Exercise requirements
Repeat the data that follows exactly, starting at the line with "In de figuur" and ending at the line with "Freycinetia Gaudichaudii from", and leave out every picture.

____ Records to use

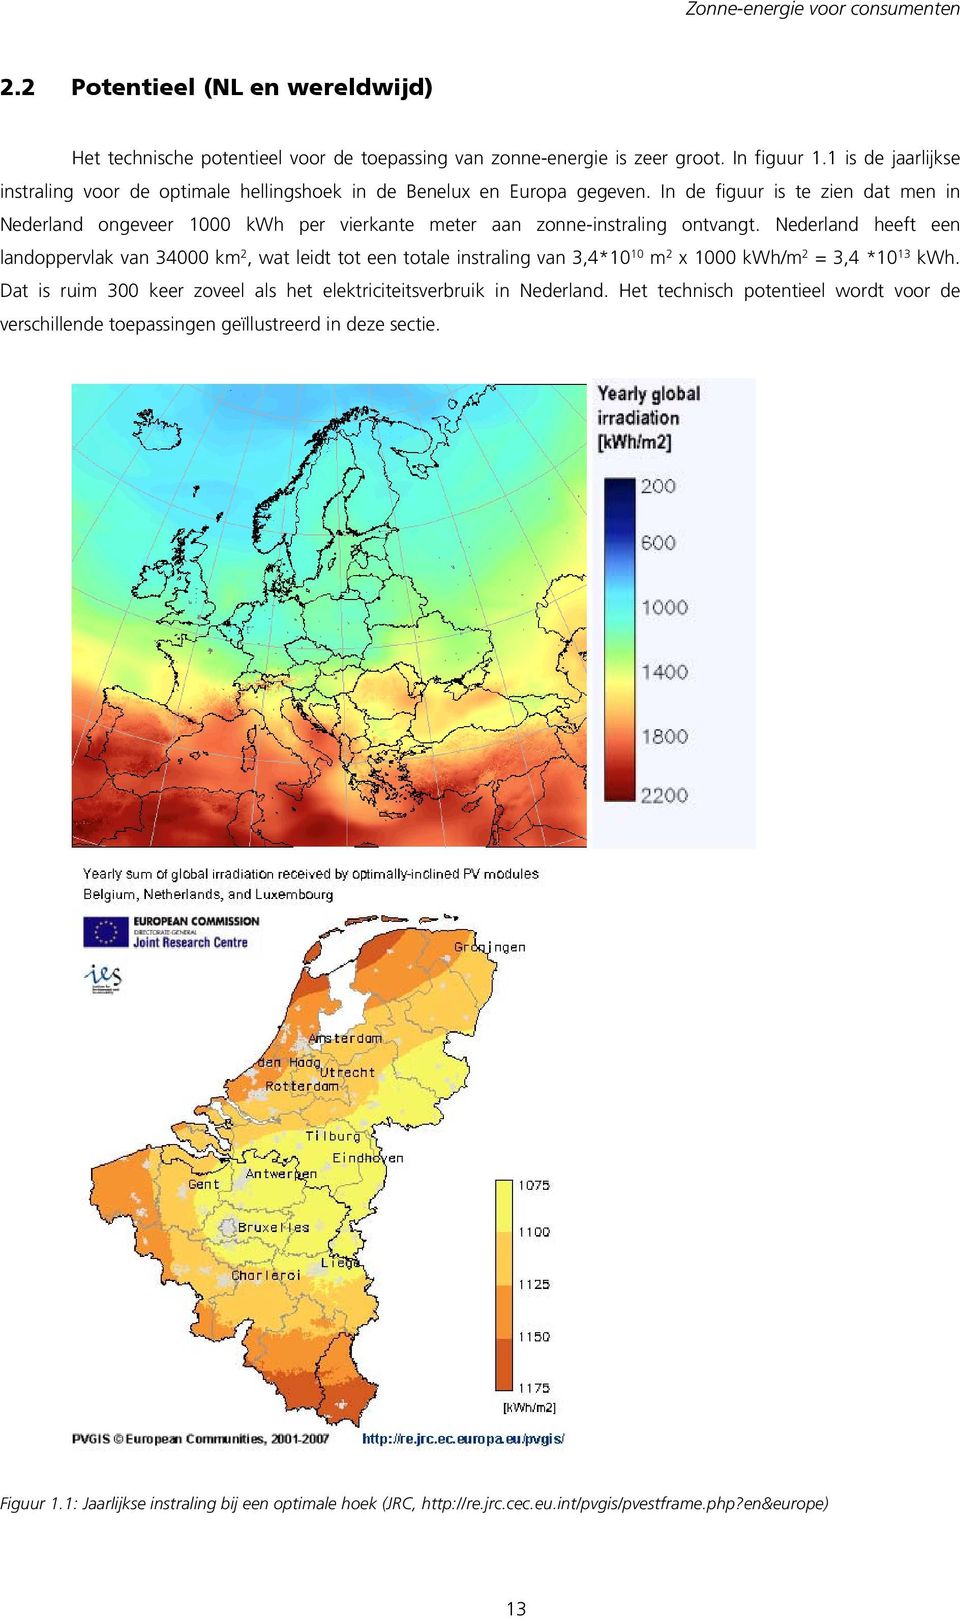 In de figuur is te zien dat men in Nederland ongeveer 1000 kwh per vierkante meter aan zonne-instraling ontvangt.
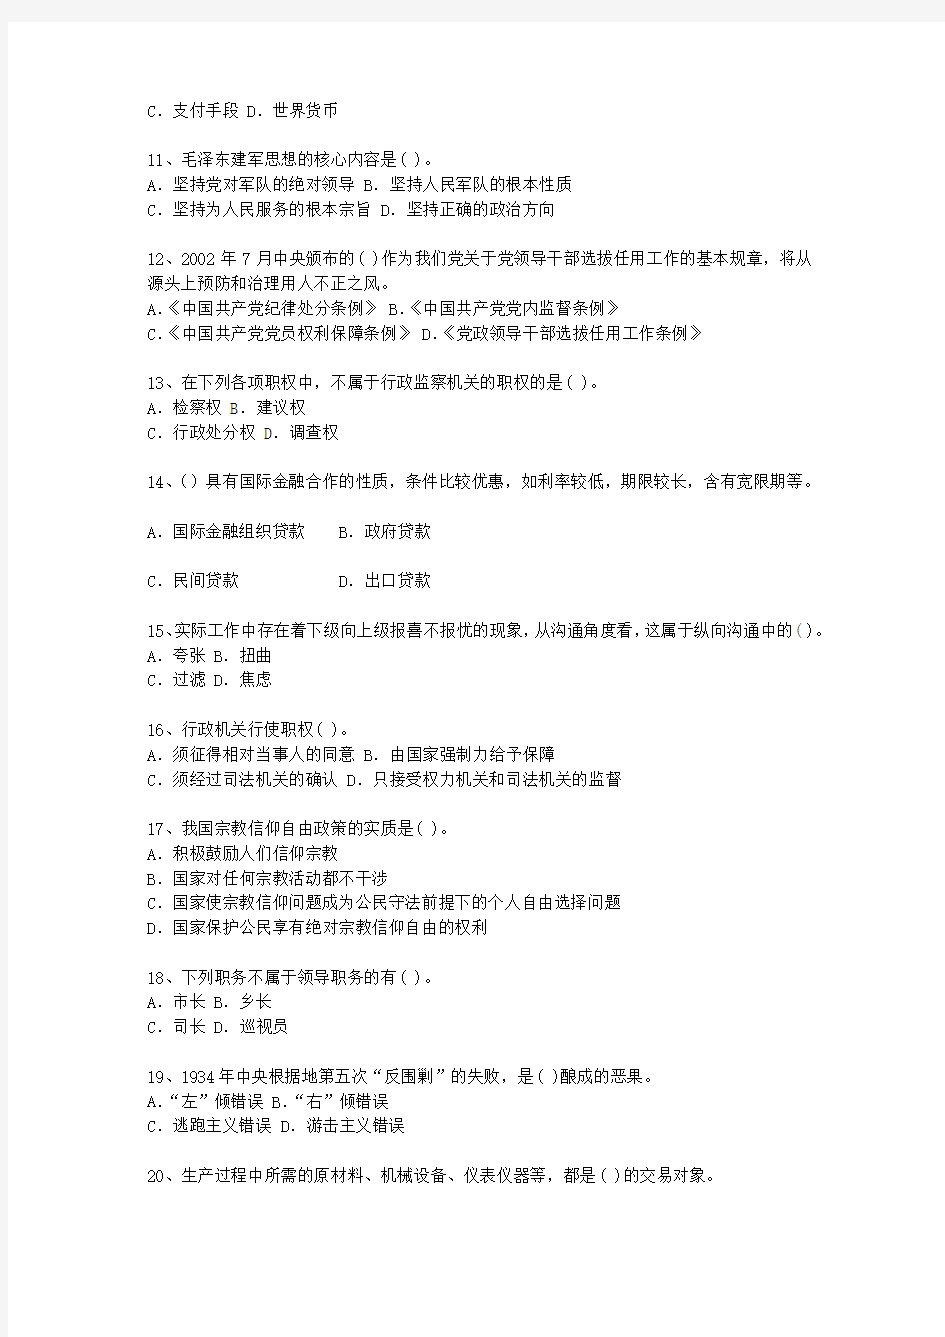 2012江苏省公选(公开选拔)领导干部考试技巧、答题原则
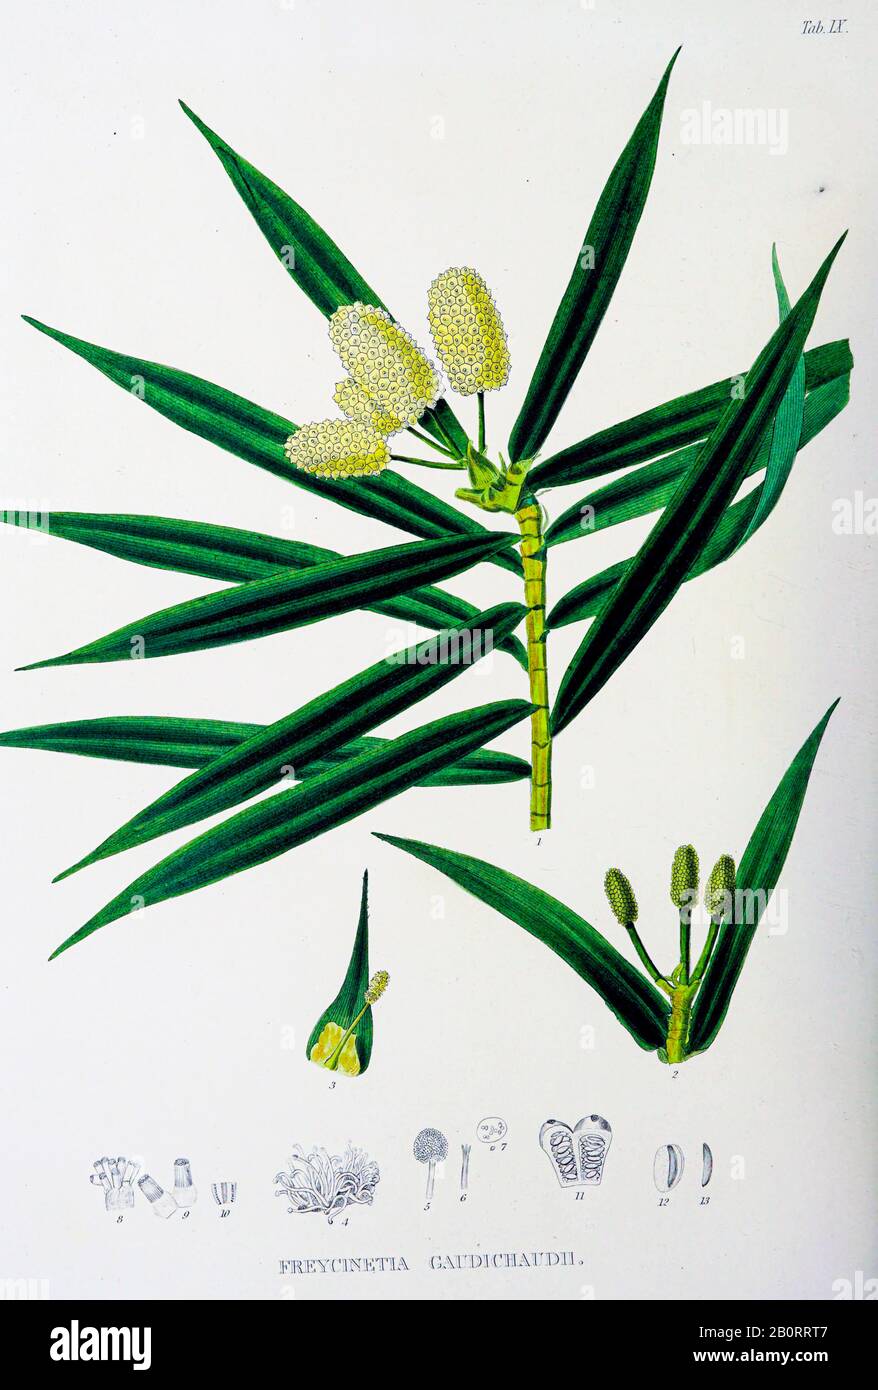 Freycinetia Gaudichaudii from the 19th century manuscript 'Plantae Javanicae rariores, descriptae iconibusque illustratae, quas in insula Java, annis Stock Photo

________
____ Records to use

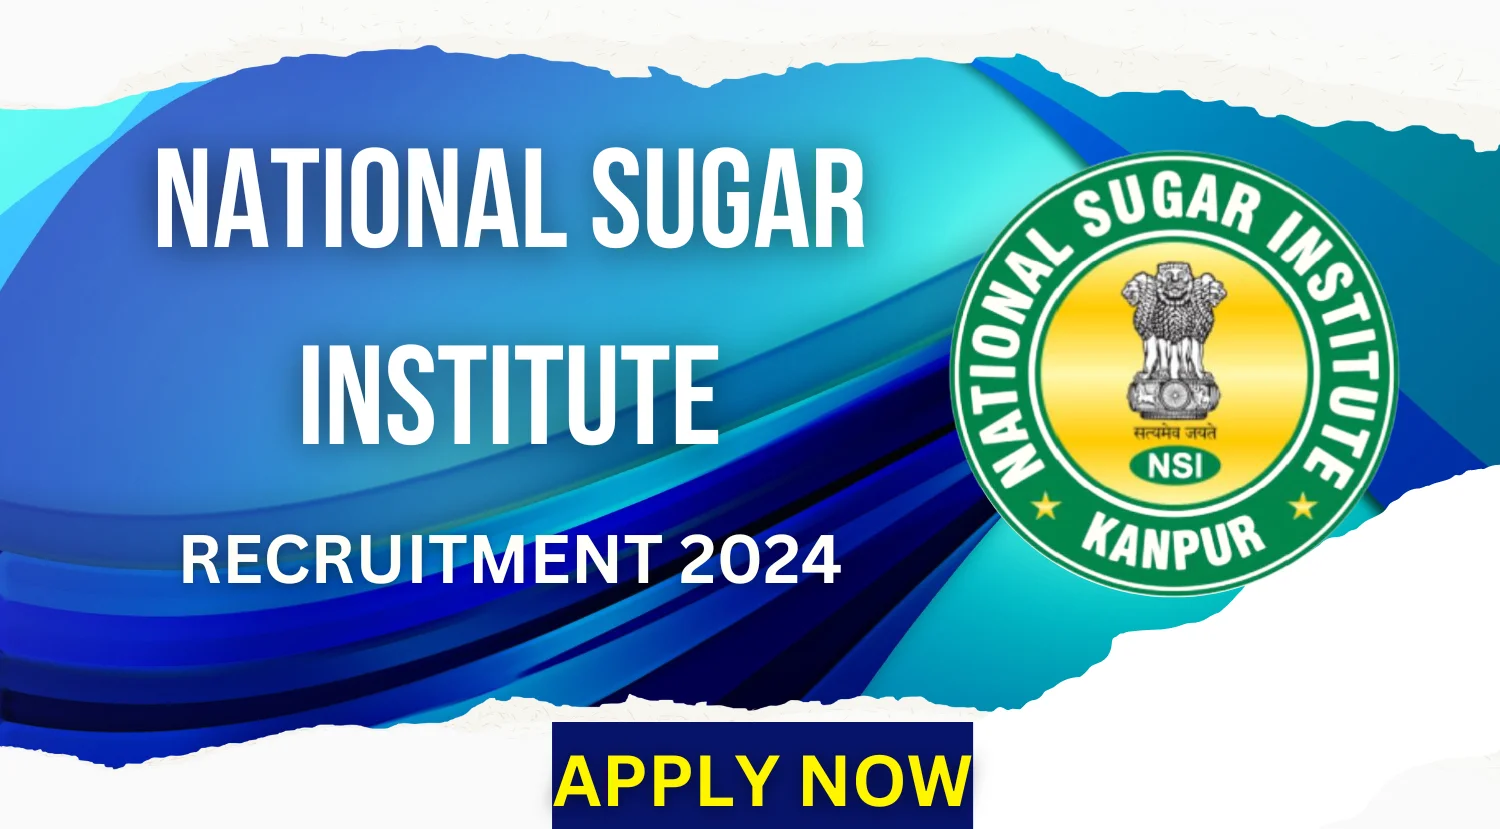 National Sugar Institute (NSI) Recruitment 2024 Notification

________
____ Records to use

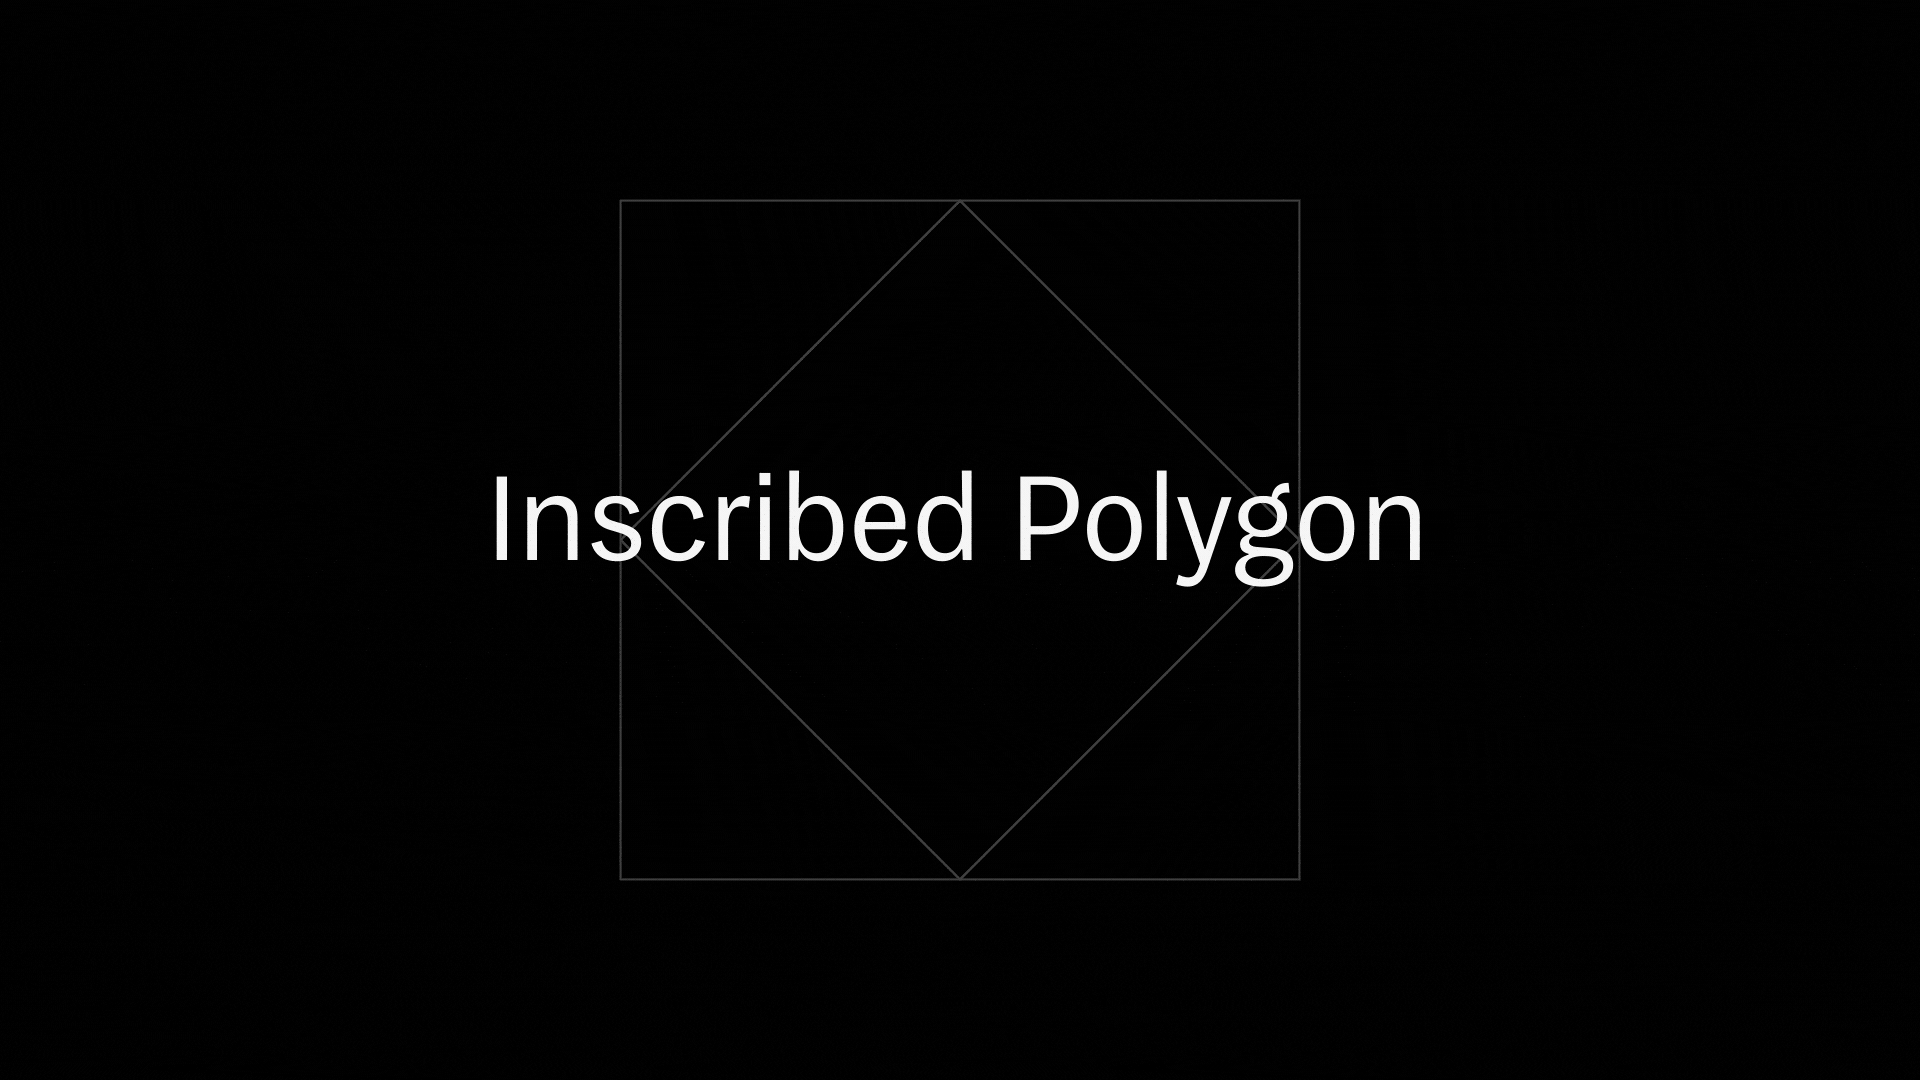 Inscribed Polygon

________

Exercise solution
 In de figuur is te zien dat men in Nederland ongeveer 1000 kwh per vierkante meter aan zonne-instraling ontvangt.
 2012江苏省公选(公开选拔)领导干部考试技巧、答题原则
 Freycinetia Gaudichaudii from the 19th century manuscript 'Plantae Javanicae rariores, descriptae iconibusque illustratae, quas in insula Java, annis Stock Photo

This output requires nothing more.